Quality-Based rPPG Compensation With Temporal Difference Transformer for Camera-Based Driver Monitoring

Abstract

Remote photoplethysmography (rPPG) is a method for monitoring pulse signal by utilizing a camera sensor to capture a facial video including variations in blood flow beneath the skin. Recently, rPPG advancements have enabled the measurement of an individual’s heart rate with a Root Mean Square Error (RMSE) of approximately 1.0 in controlled indoor environments. However, when applied in car dataset including driving environments, the RMSE of rPPG measurements significantly increases to over 9.07. This limitation, caused by motion-related artifacts and fluctuations in ambient illumination, becomes particularly noticeable while driving, resulting in a Percentage of Time that Error is less than 6 beats per minute (PTE6) of up to 65.1%. To address these limitations, we focus on the assessment of rPPG noise, with an emphasis on evaluating noise components within facial video and quantifying quality of the rPPG measurement.

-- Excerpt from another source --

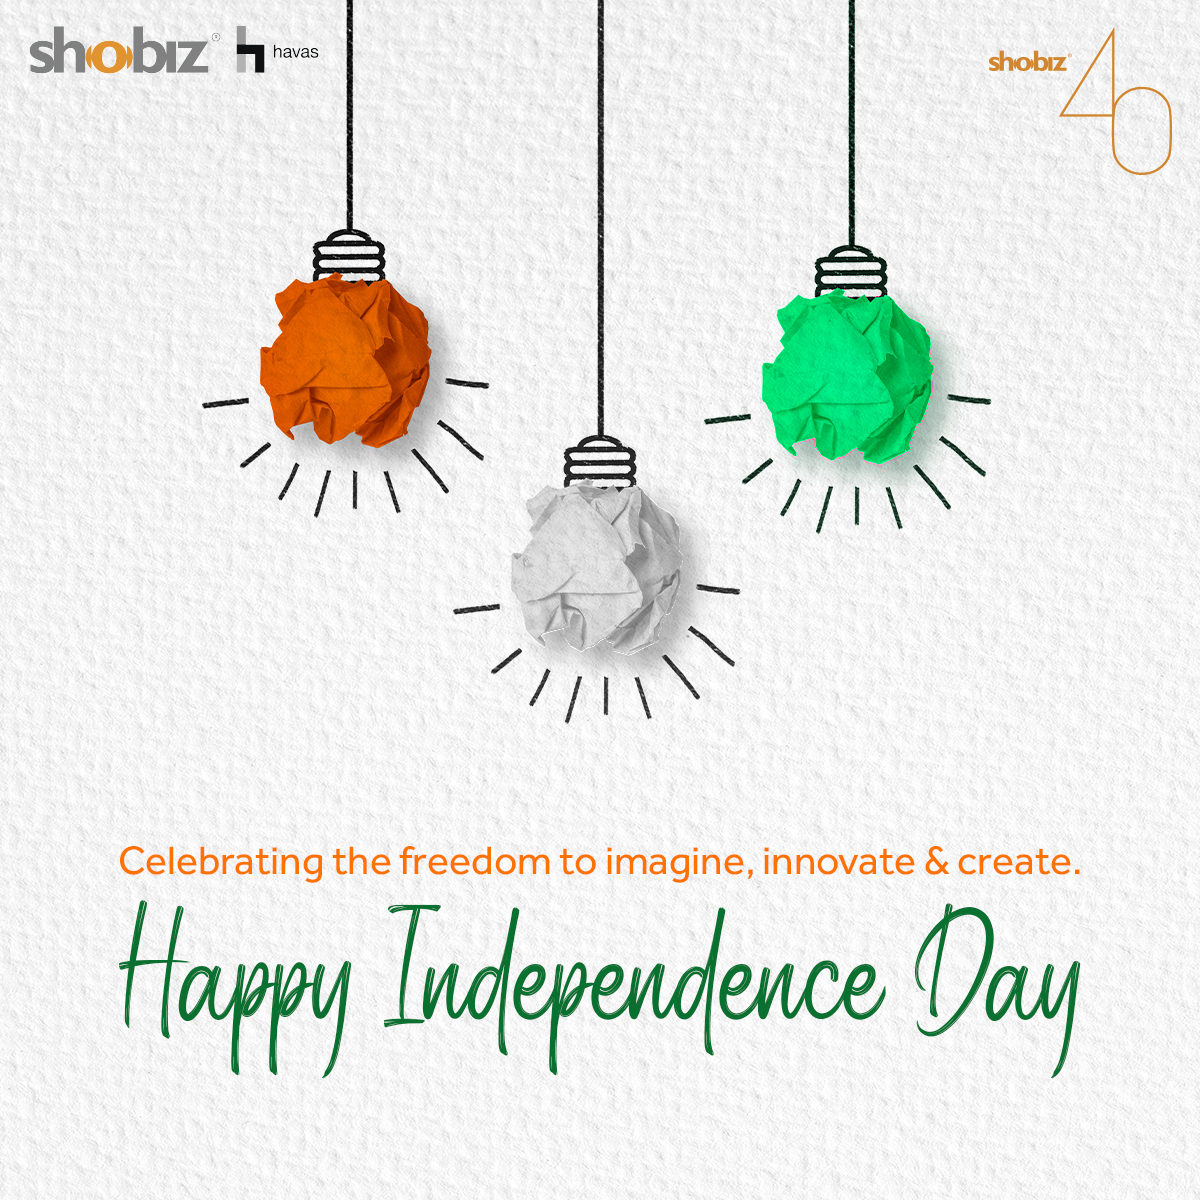 What we are experiencing today is a result of a ground breaking idea. Happy Independence Day! @tobaccowala @HavasGroupIN . . #Shobiz #ExperientialCompany #EventProfs #IndependenceDay #IndependenceDay2022 #75thYearOfFreedom #StillGoingStrong #ProudIndian

In this paper, we propose a deep learning framework that infers rPPG signal and quality based on video vision transformer. the proposed method demonstrates that the top 10% quality measurements yield PTE6 of 91.98% and 99.59% in driving and garage environments, respectively. Additionally, we introduce a quality-based rPPG compensation method that improves accuracy in driving environments by predicting rPPG quality based on noise assessment. This compensation method demonstrates superior accuracy compared to the current state-of-the-art, achieving a PTE6 of 68.24% in driving scenarios.